Pushing the Boundaries: Studying the Boundaryless Creative Careers of Film Directors
Creative careers can differ quite a bit from the average 9-to-5 desk job, but only some go so far as to defy boundaries in the way that boundaryless careers do. Individuals in boundaryless careers enjoy organizational mobility, geographical mobility, occupational mobility, the ability to work outside of organizational boundaries based on preference, and the ability to reject career opportunities for personal reasons. But how do these factors impact the path of a boundaryless career? In their article, “Surviving a Boundaryless Creative Career: The Case of Oscar-Nominated Film Directors, 1967-2014,” published in Journal of Management Inquiry, authors Charalampos Mainemelis of The American College of Greece, Sevasti-Melissa Nolas of University of Sussex, and Stavroula Tsirogianni of Canterbury Christ Church University studied the success and failures of Oscar-nominated film directors over their careers to determine how a boundaryless career might look in comparison with traditional office jobs.

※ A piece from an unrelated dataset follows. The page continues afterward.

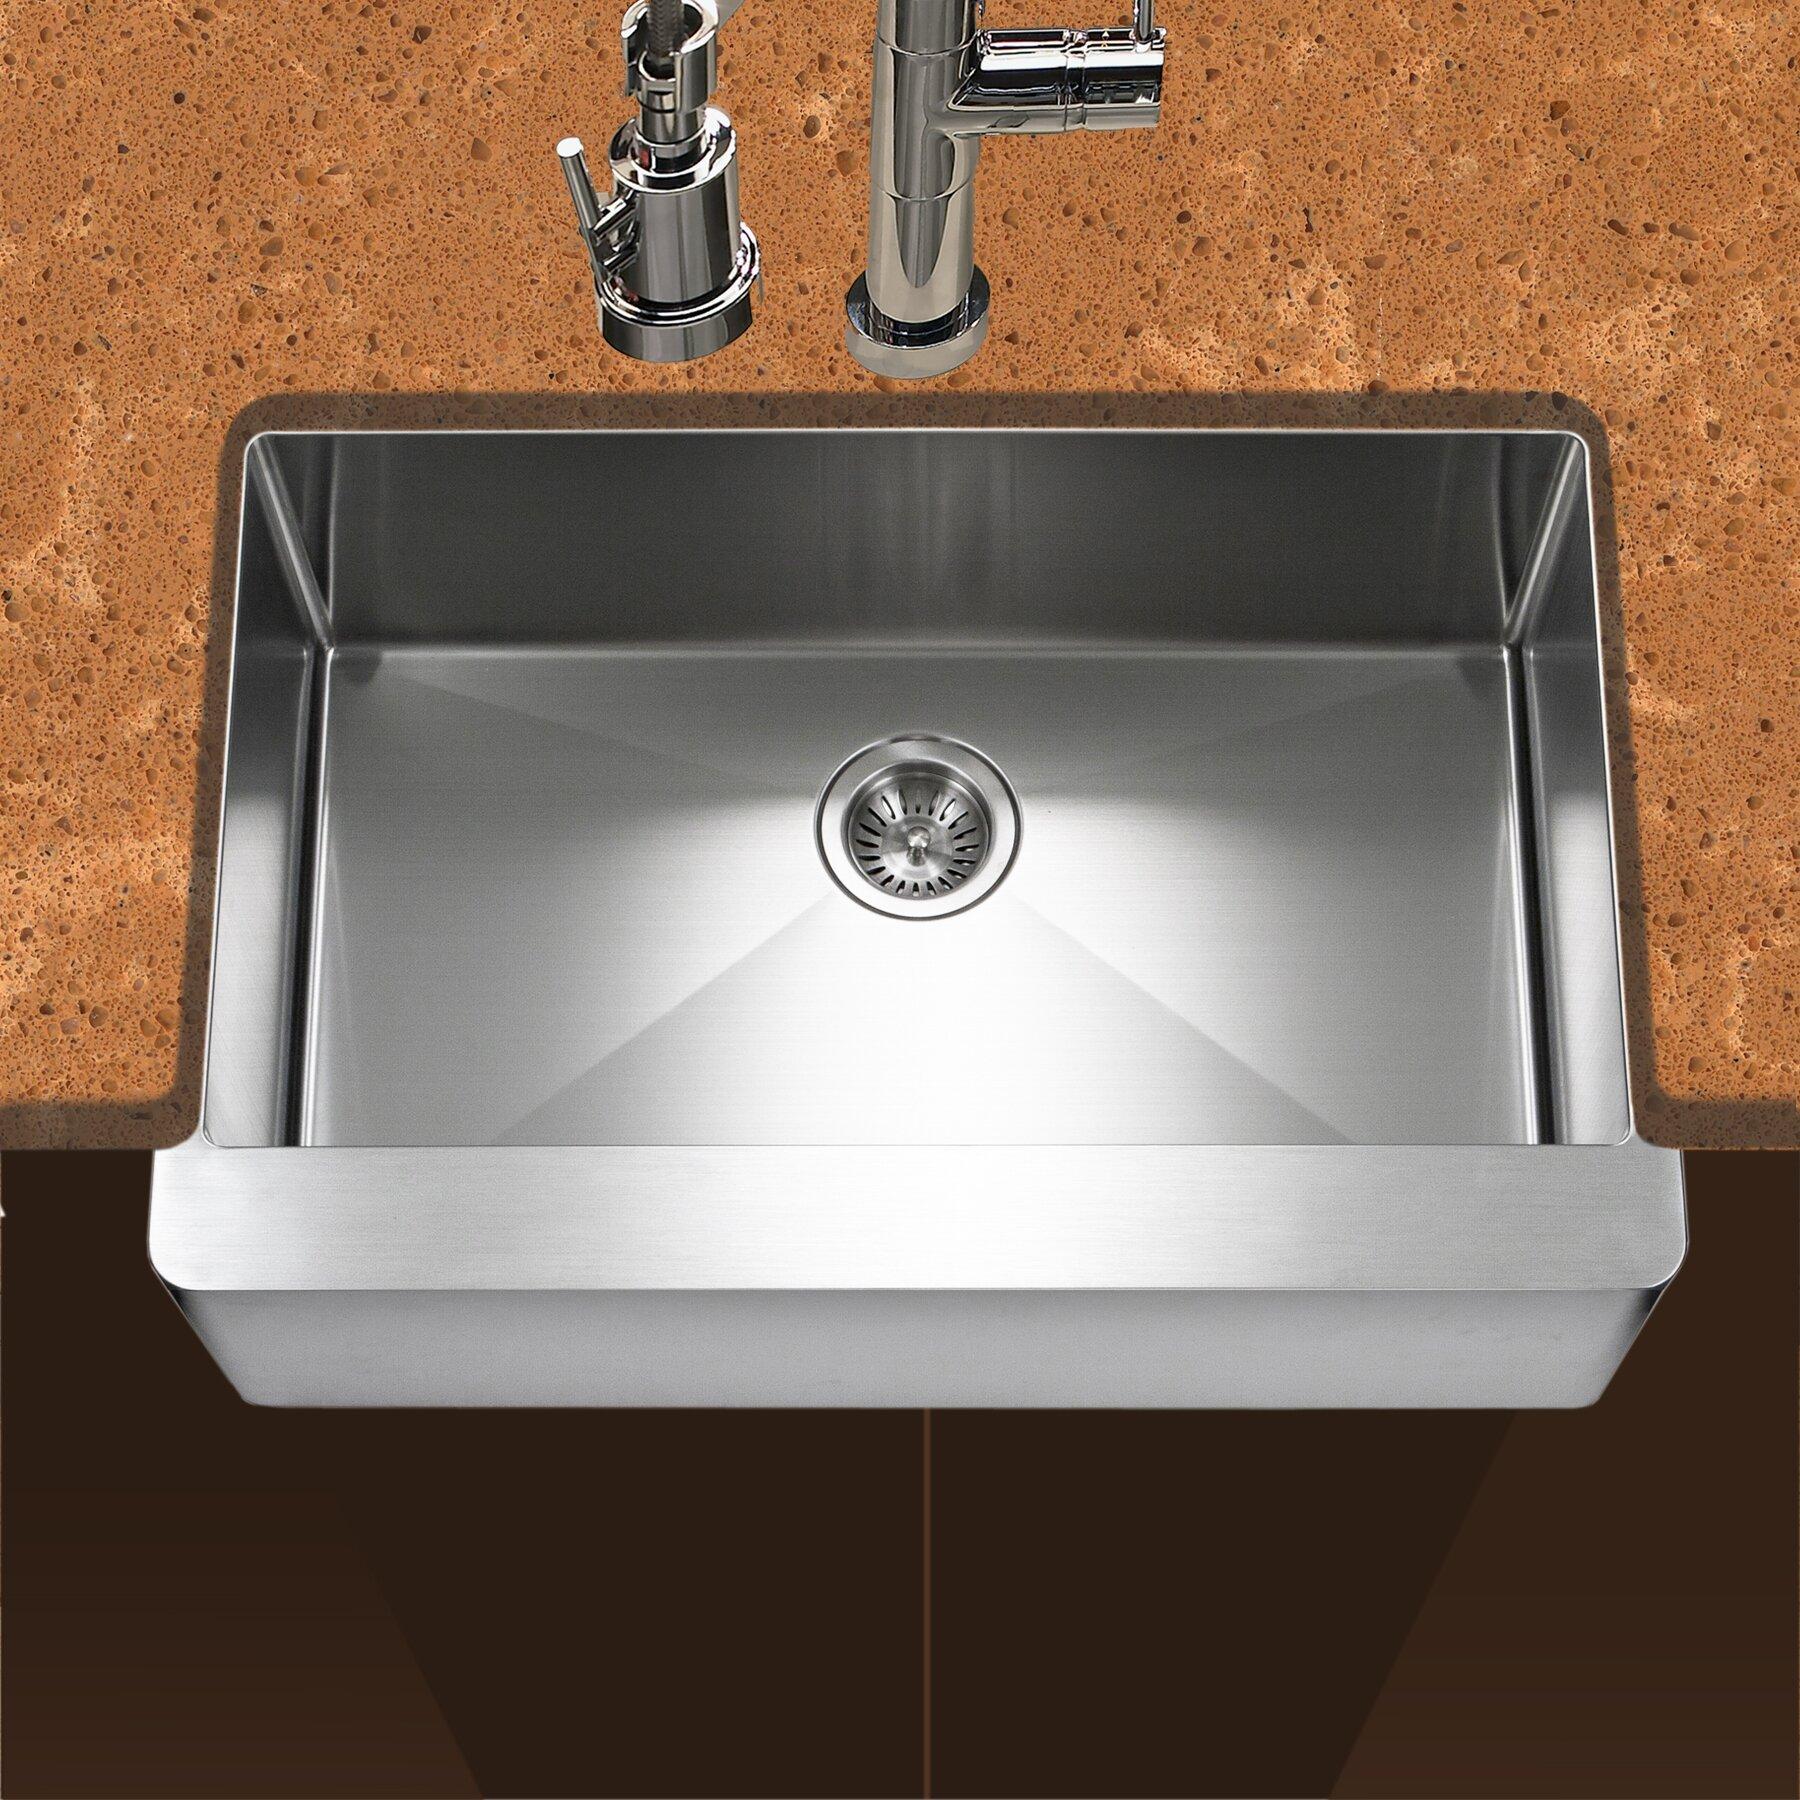 "Apron Kitchen Sinks: Houzer Epicure 30"" X 20"" Series Single Bowl Apron Front"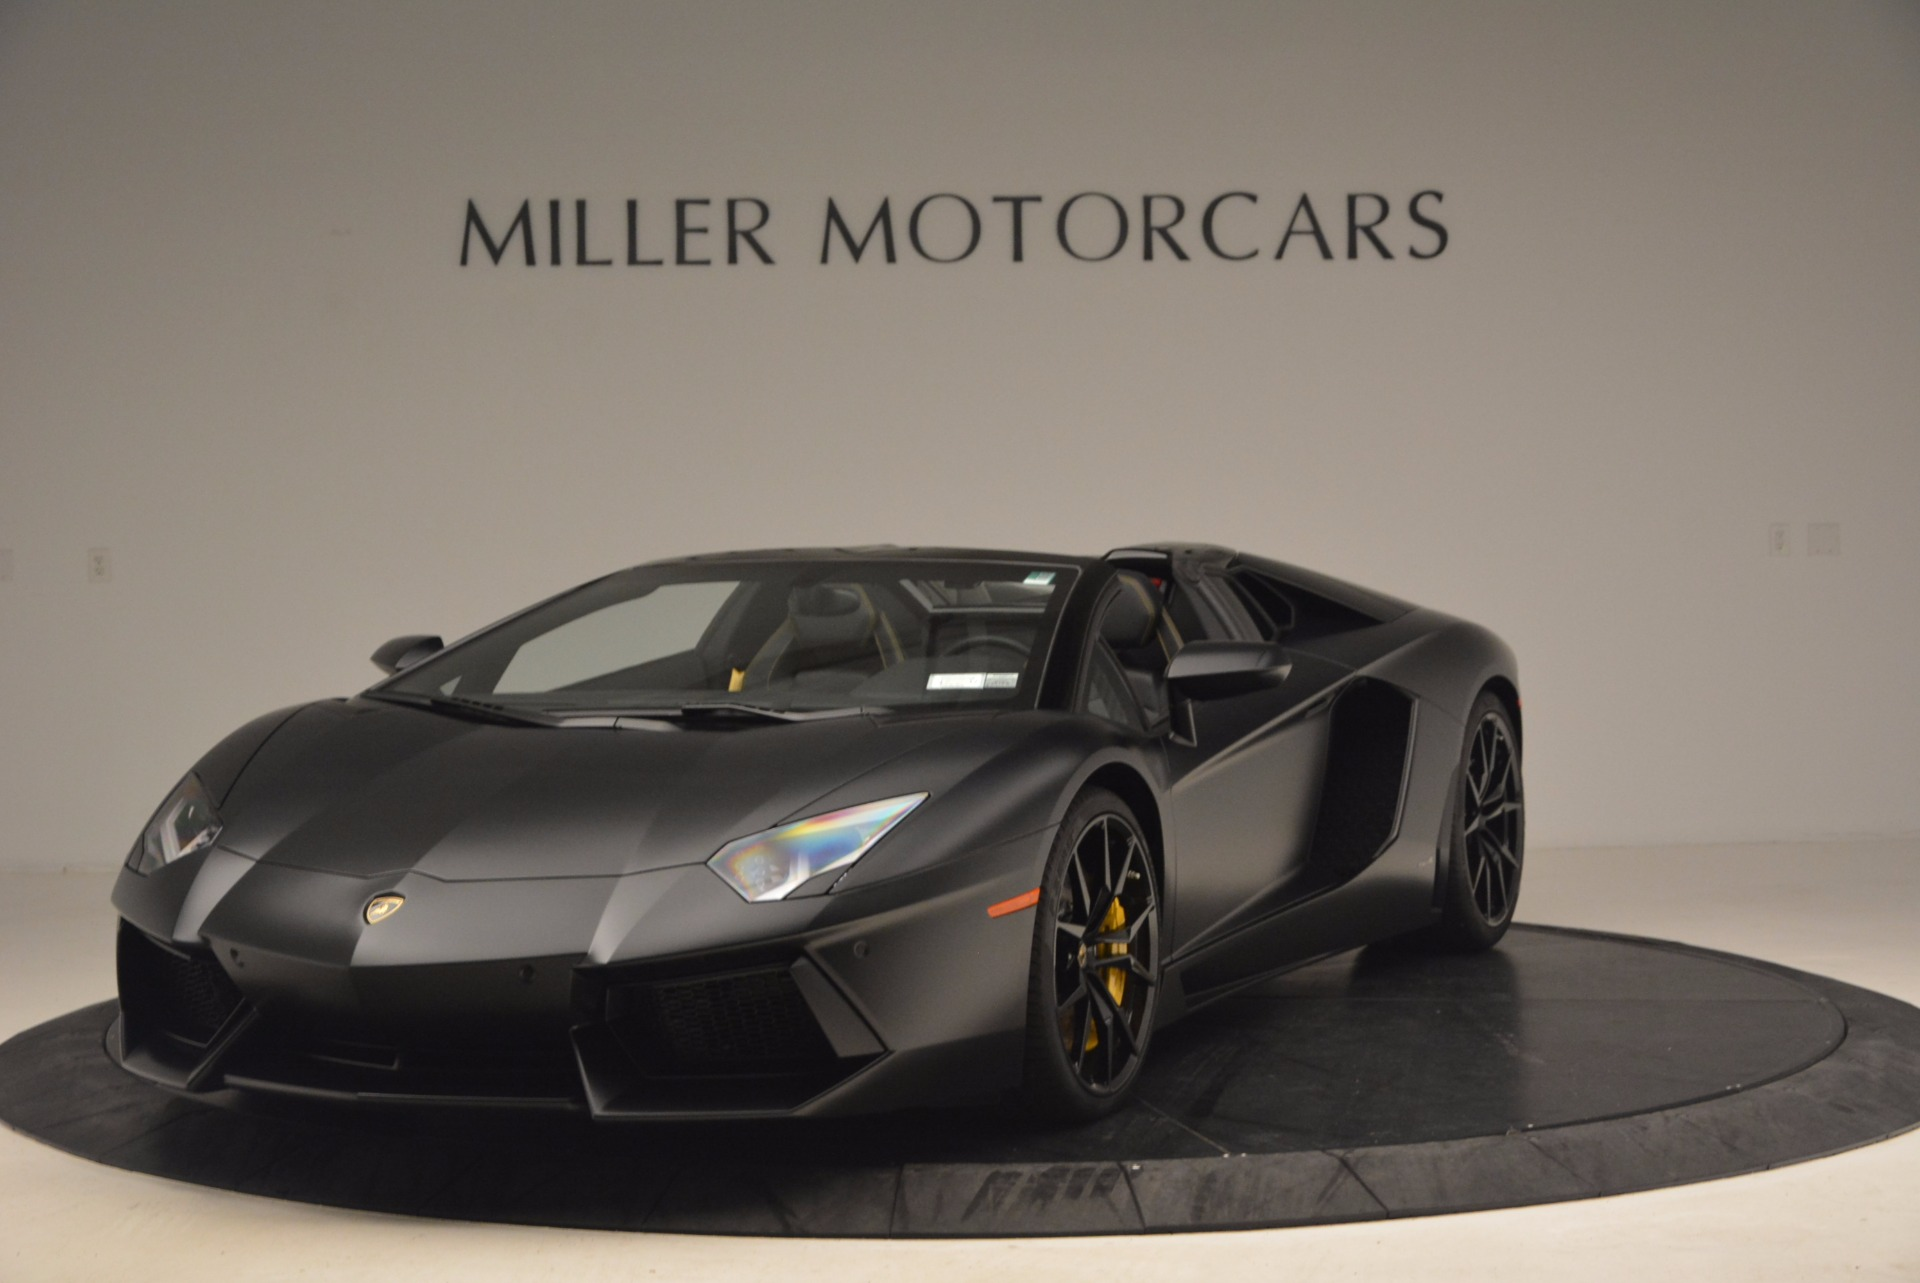 Used 2015 Lamborghini Aventador LP 700-4 for sale Sold at Aston Martin of Greenwich in Greenwich CT 06830 1

The abstract from their paper:
Previous research has examined how mobility and career competencies influence success in boundaryless careers. In this study, we flip the direction of those relationships and we explore how the interplay between success and failure relates to subsequent mobility, career competencies, and career evolution through the life span. Using a biographical design, we conceptualize success and failure as critical moments that influence the unfolding of the boundaryless careers of Oscar-nominated film directors. While the dominant metaphors of boundaryless careers are those of “paths,” “ladders,” “trajectories,” and “plateaus,” our findings suggest a new metaphor: the roller coaster.